Paragraph 65 (Eighth Schedule) – Involuntary disposal

65.     Involuntary disposal

(1)     A person may elect that this paragraph applies in respect of the disposal of an asset (other than a financial instrument), where-

(a)     that asset is disposed of by way of operation of law, theft or destruction;

(b)     proceeds accrue to that person by way of compensation in respect of that disposal;

(c)     those proceeds are equal to or exceed the base cost of that asset;

(d)

 

(i)      an amount at least equal to the receipts and accruals from that disposal has been or will be expended to acquire one or more asset (hereinafter referred to as the ‘replacement asset or assets’);

(ii)     all the replacement assets constitute assets contemplated in section 9(2)(j) or (k);

[Subitem (ii) substituted by section 124(1)(a) of Act 22 of 2012, section 124(1)(b) of Act 22 of 2012 and section 119 of Act 25 of 2015 effective on 1 January 2012]

(iii)    the contracts for the acquisition of the replacement asset or assets have all been or will be concluded within 12 months after the date of the disposal of that asset; and

(iv)    the replacement asset or assets will all be brought into use within three years of the disposal of that asset: Provided that the Commissioner may, on application by the taxpayer, decice to extend the period within which the contract must be concluded or asset brought into use by no more than six months if all reasonable steps were taken to conclude those contracts or bring those assets into use; and

[Proviso substituted by section 119 of Act 25 of 2015 effective on 8 January 2016]

(e)     that asset is not deemed to have been disposed of and to have been reacquired by that person.

(2)     Where a person has elected in terms of subparagraph (1) that this paragraph must apply in respect of the disposal of an asset, any capital gain determined in respect of that disposal must, subject to subparagraphs (4), (5) and (6) be disregarded when determining that person’s aggregate capital gain or aggregate capital loss.

(3)     Where a person acquires more than one replacement asset as contemplated in subparagraph (1), that person must, in applying subparagraphs (4) and (5), apportion the capital gain derived from the disposal of that asset to each replacement asset in the same ratio as the receipts and accruals from that disposal respectively expended in acquiring each of those replacement assets bear to the total amount of those receipts and accruals expended in acquiring all those replacement assets.
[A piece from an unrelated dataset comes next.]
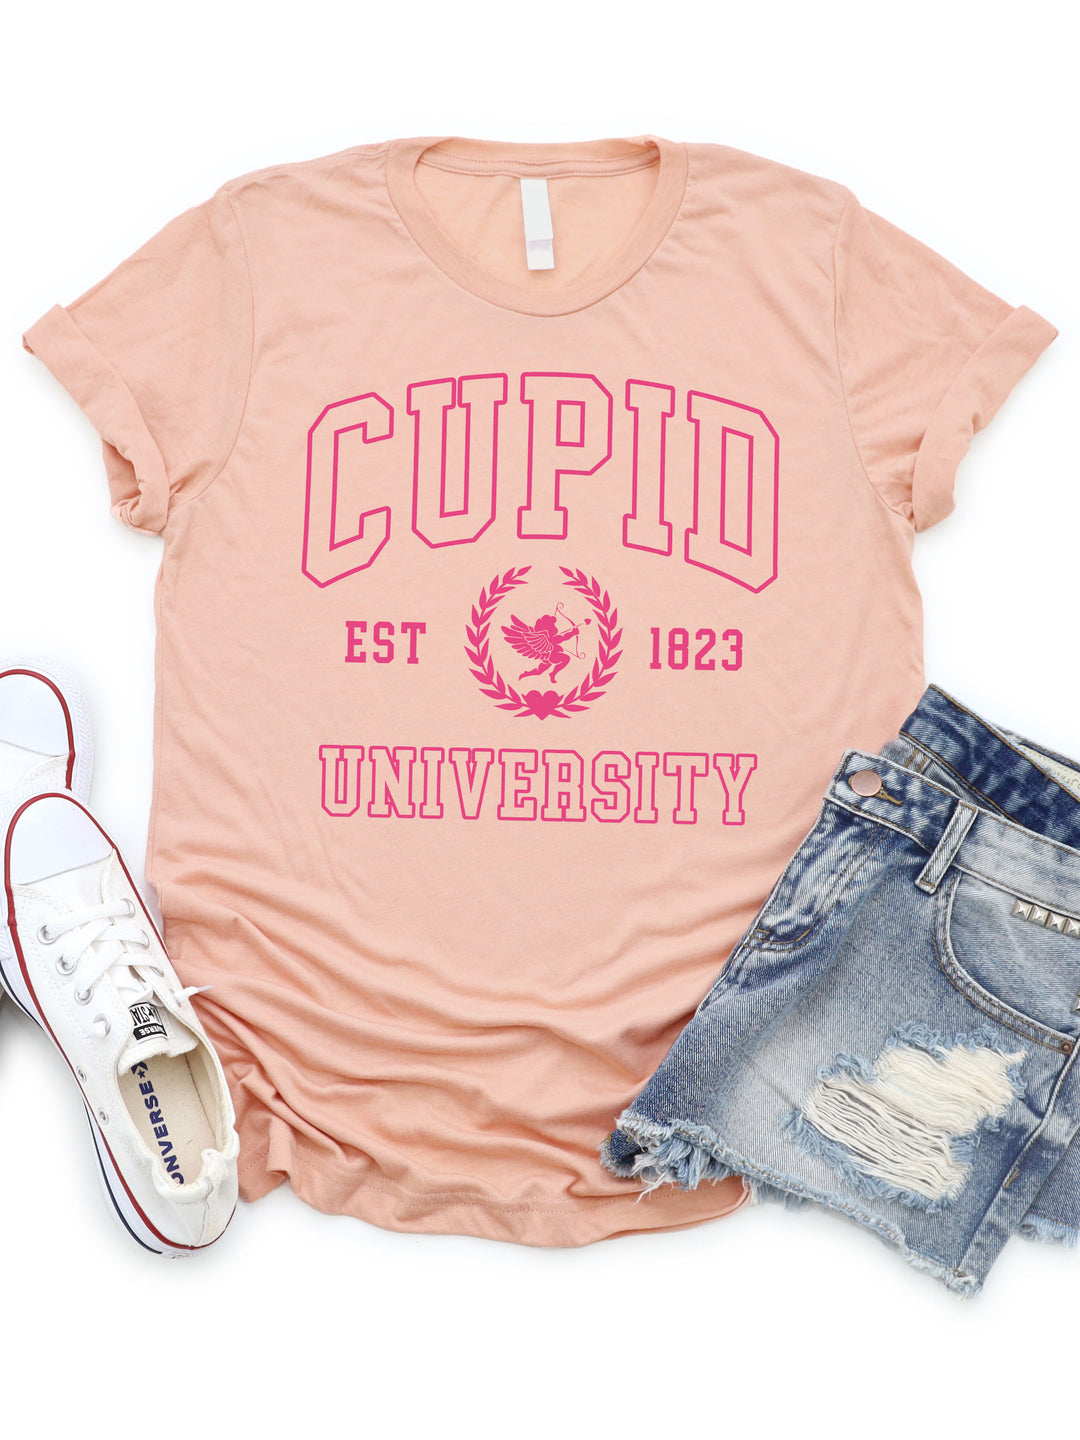 Cupid University Graphic Tee
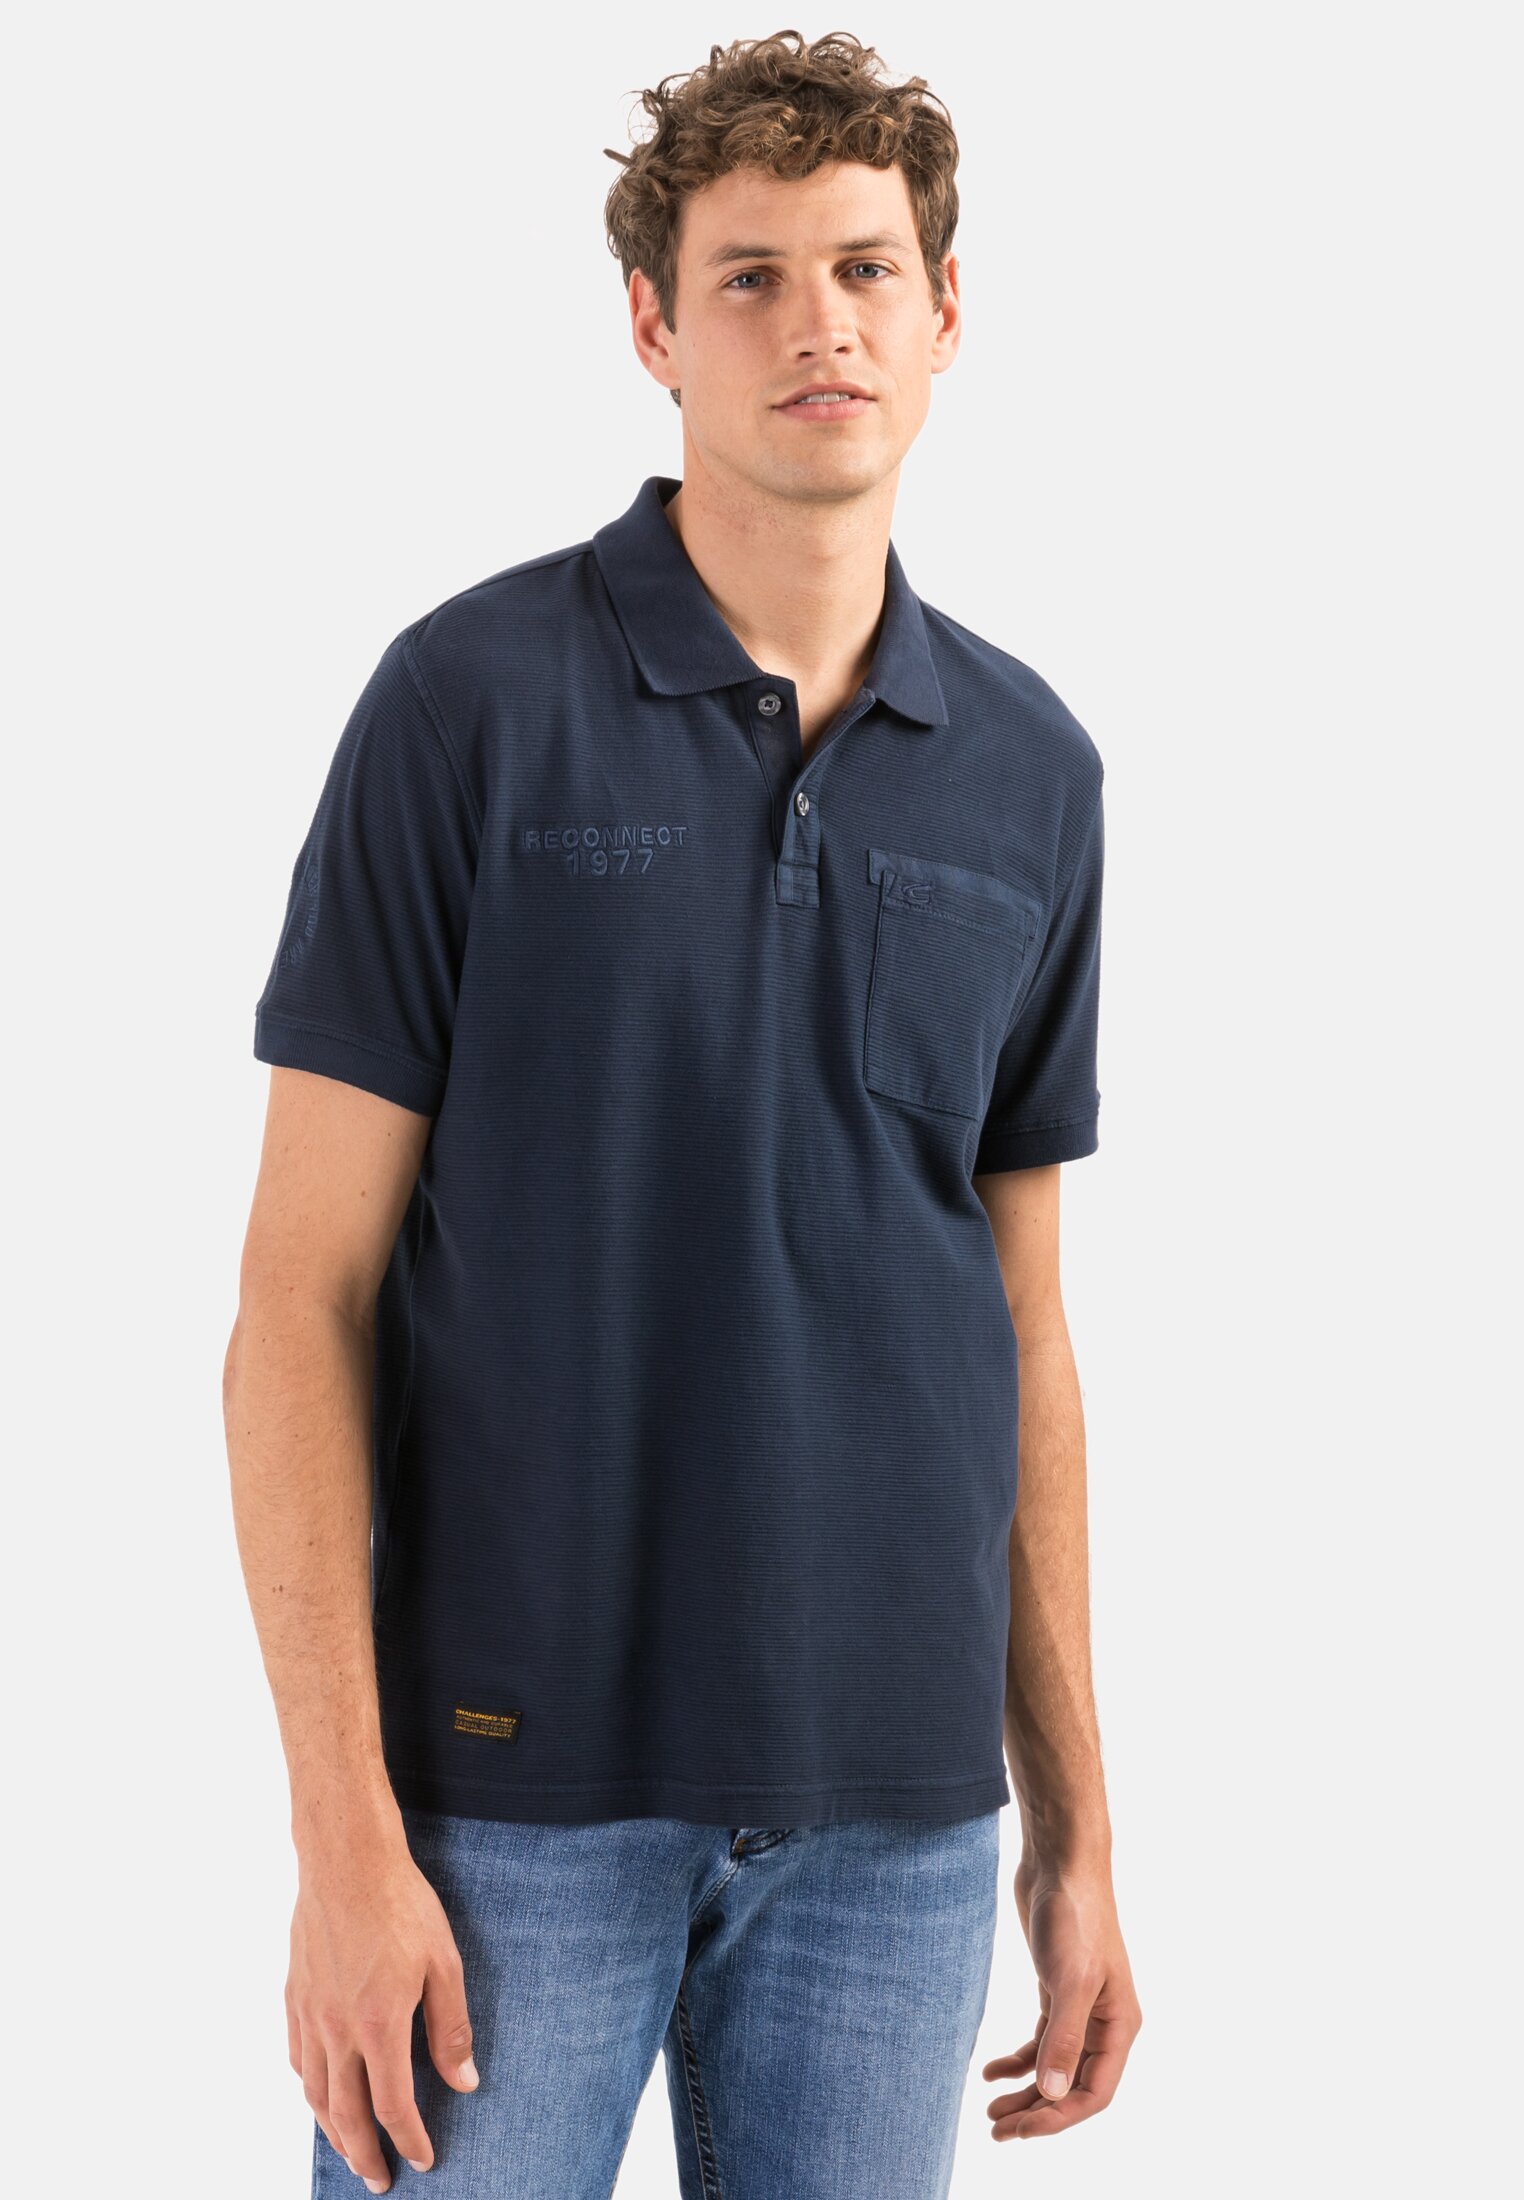 Camel active Men's Polo Shirt Navy Blue Plain 3P25 409473 16

(4)     Where a replacement asset contemplated in subparagraph (1) constitutes a depreciable asset, the person must treat as a capital gain for a year of assessment, so much of the disregarded capital gain contemplated in subparagraph (3), as bears to the total amount of that disregarded gain apportioned to that replacement asset as contemplated in subparagraph (3) the same ratio as the amount of any deduction or allowance allowed in that year in respect of the replacement asset bears to the total amount of the deduction or allowance (determined with reference to the cost or value of that asset at the time of acquisition thereof) which is allowable for all years of assessment in respect of that replacement asset.

 

(5)     Where a person during any year of assessment disposes of a replacement asset and any portion of the disregarded capital gain which is apportioned to that asset, has not otherwise been treated as a capital gain in terms of this paragraph, that person must treat that portion of disregarded capital gain as a capital gain from the disposal of that replacement asset in that year of assessment.

(6)     Where a person fails to conclude a contract or fails to bring any replacement asset into use within the period prescribed in subparagraph (1)(d)(iii) or (iv), subparagraph (2) shall not apply and that person must-

(a)     treat the capital gain contemplated in subparagraph (2) as a capital gain on the date on which the relevant period ends;

(b)     determine interest at the prescribed rate on that capital gain from the date of that disposal to the date contemplated in item (a); and

(c)     treat that interest as a capital gain on the date contemplated in item (a) when determining that person’s aggregate capital gain or aggregate capital loss.

(7)     Where a replacement asset or assets constitute personal use assets, the provisions of this paragraph shall not apply.